### Entries provided ###

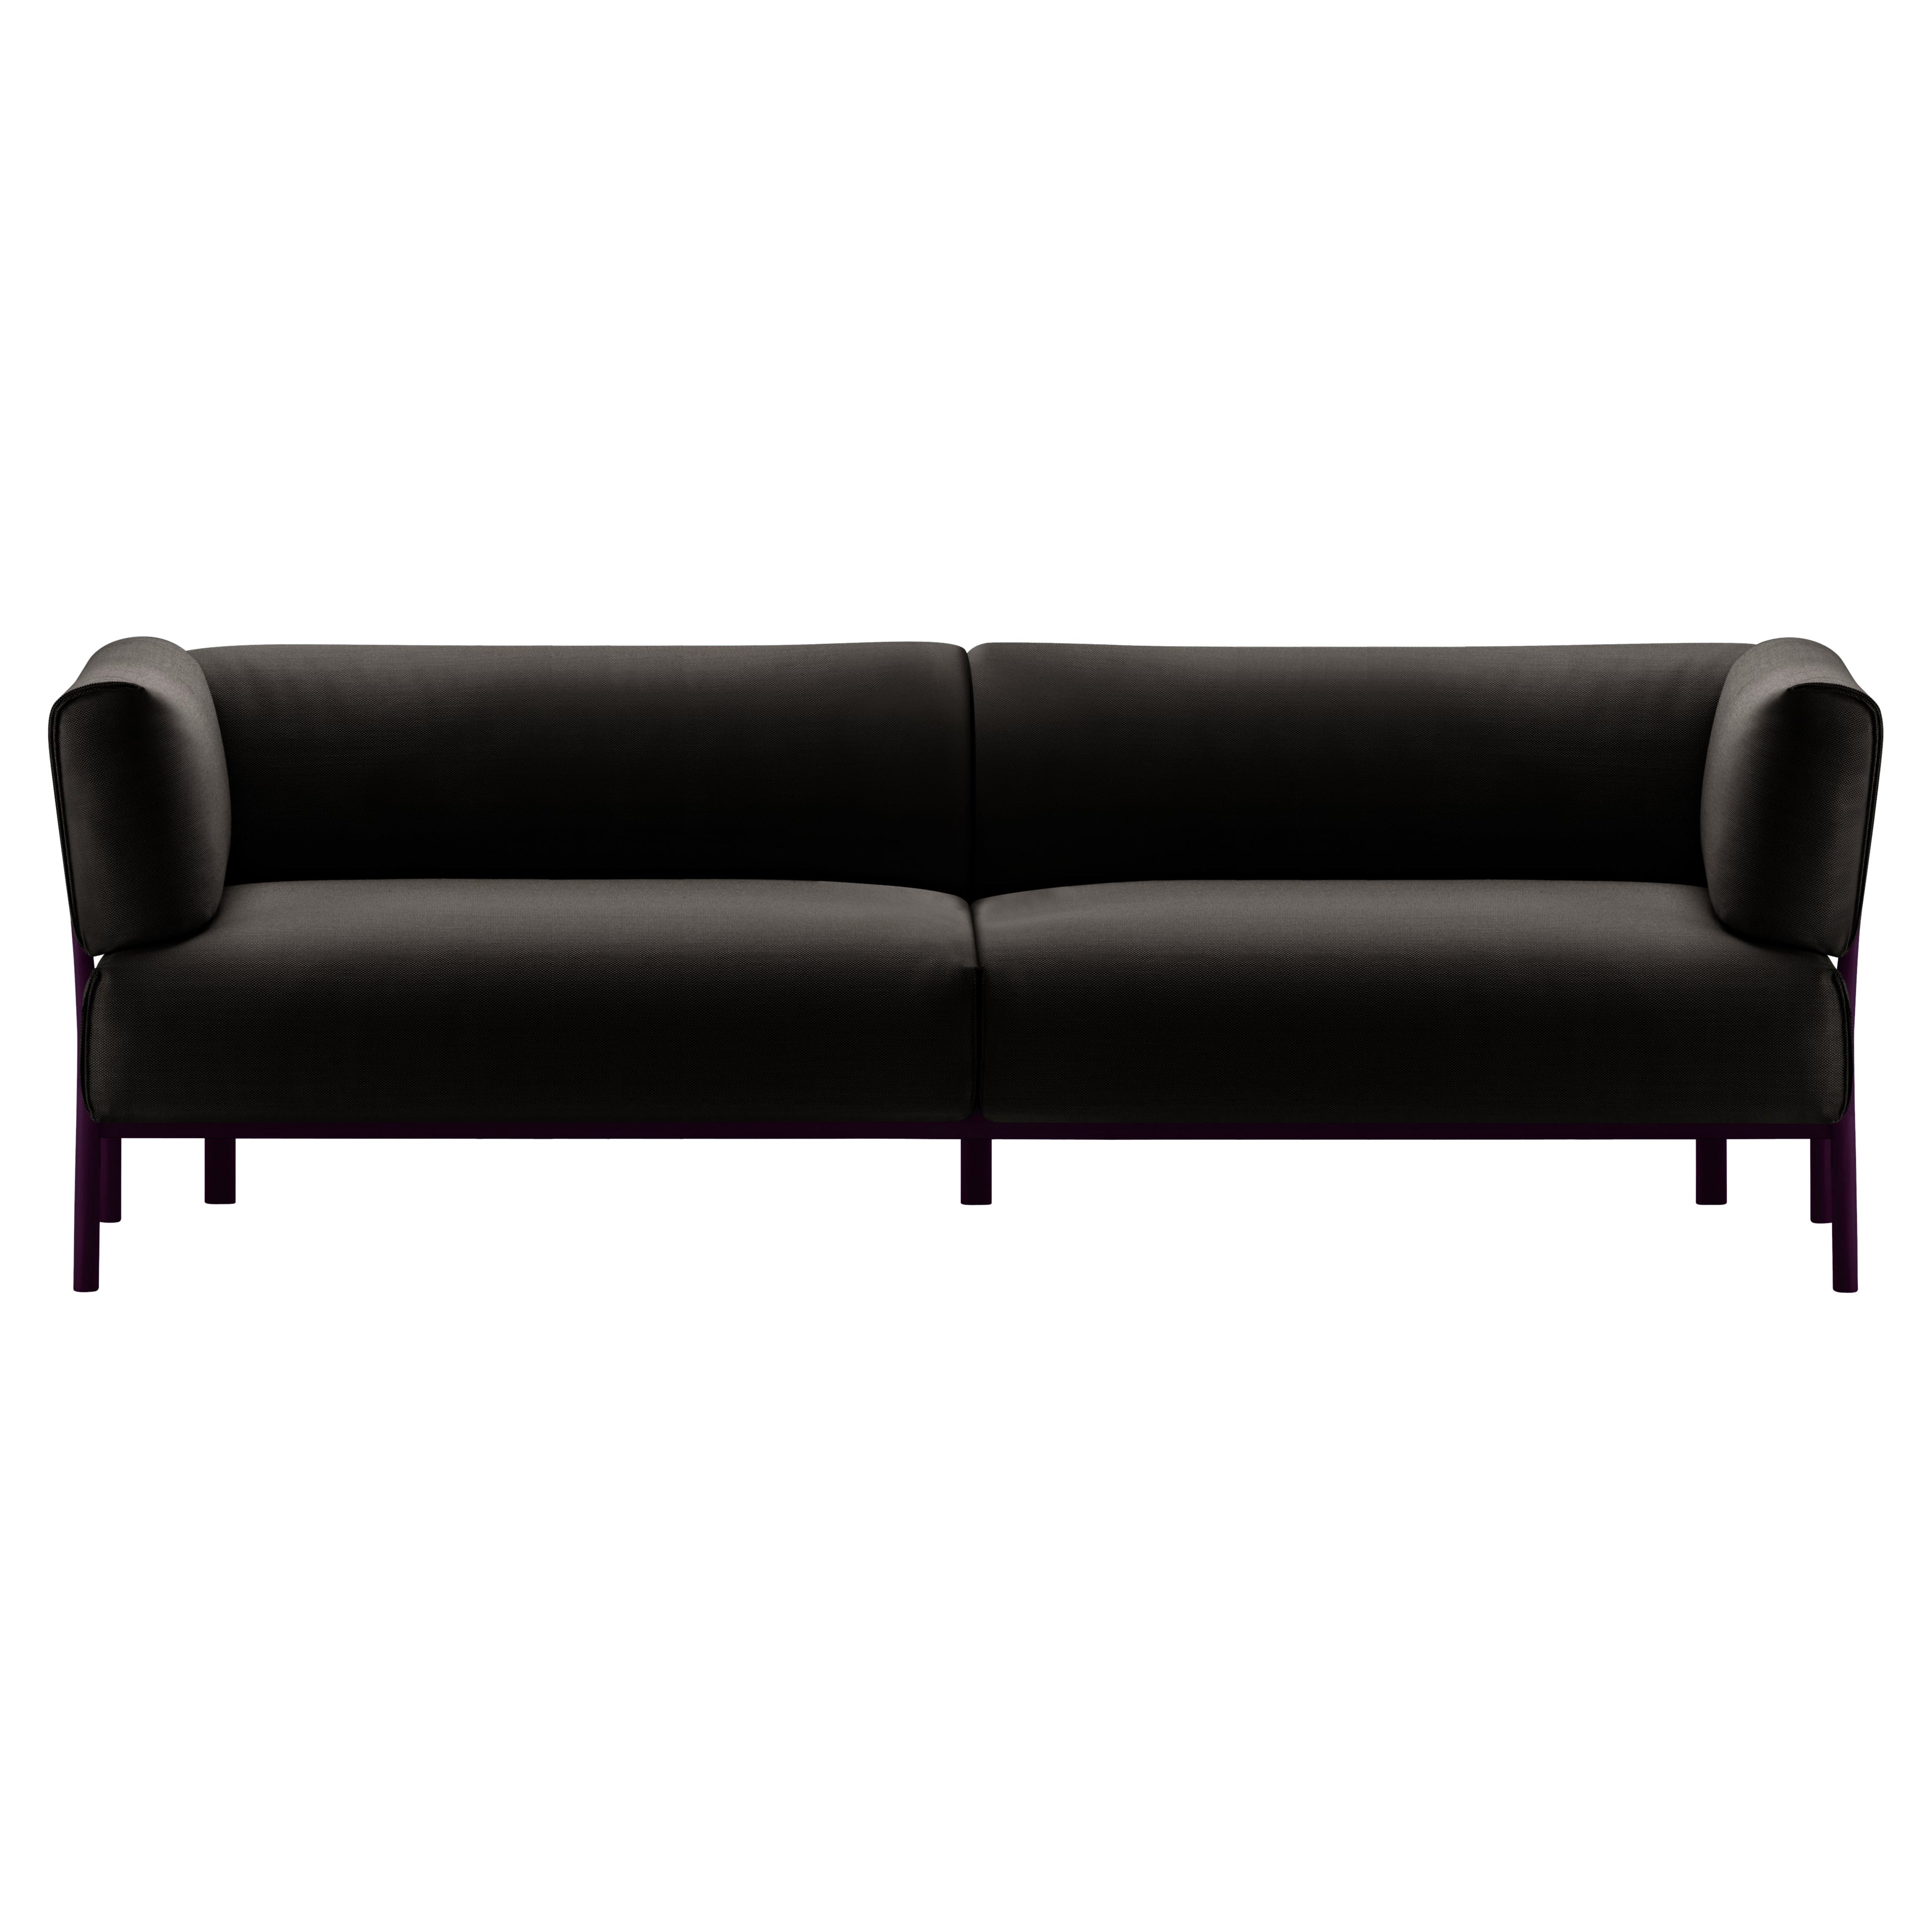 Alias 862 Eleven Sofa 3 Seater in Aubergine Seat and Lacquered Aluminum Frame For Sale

###
### Entries provided ###

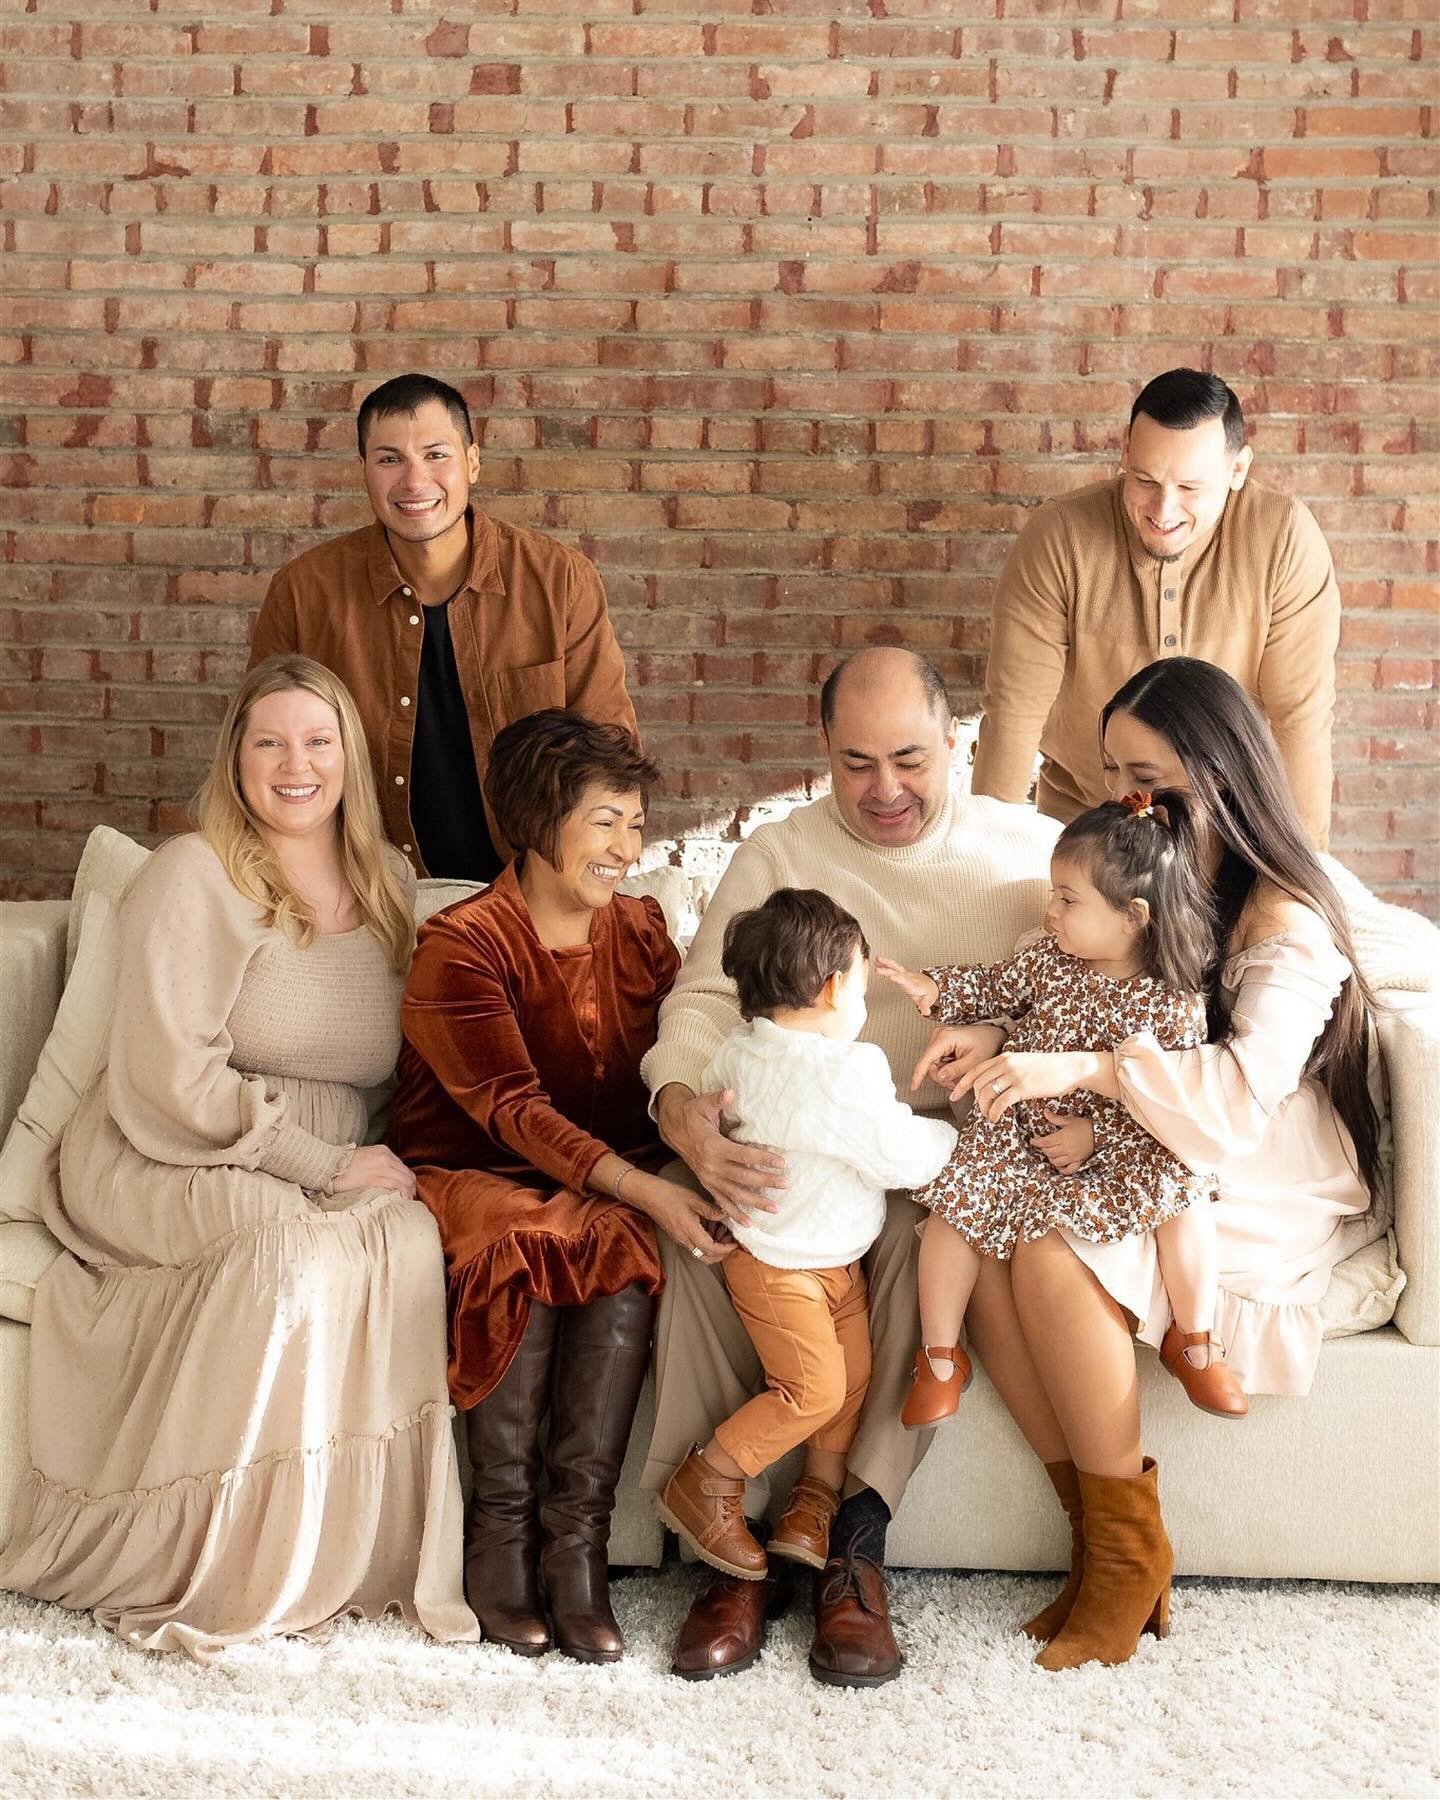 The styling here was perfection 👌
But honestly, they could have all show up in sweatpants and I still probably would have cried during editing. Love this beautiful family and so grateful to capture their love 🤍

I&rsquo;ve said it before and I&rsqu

###

* Exercise goal
Please output, exactly as written, the lines above from the one holding "The styling here was perfection 👌" through the one holding "I&rsquo;ve said it before and I&rsqu", both included, with the pictures omitted.

* Answer below
 The styling here was perfection 👌
But honestly, they could have all show up in sweatpants and I still probably would have cried during editing. Love this beautiful family and so grateful to capture their love 🤍

I&rsquo;ve said it before and I&rsqu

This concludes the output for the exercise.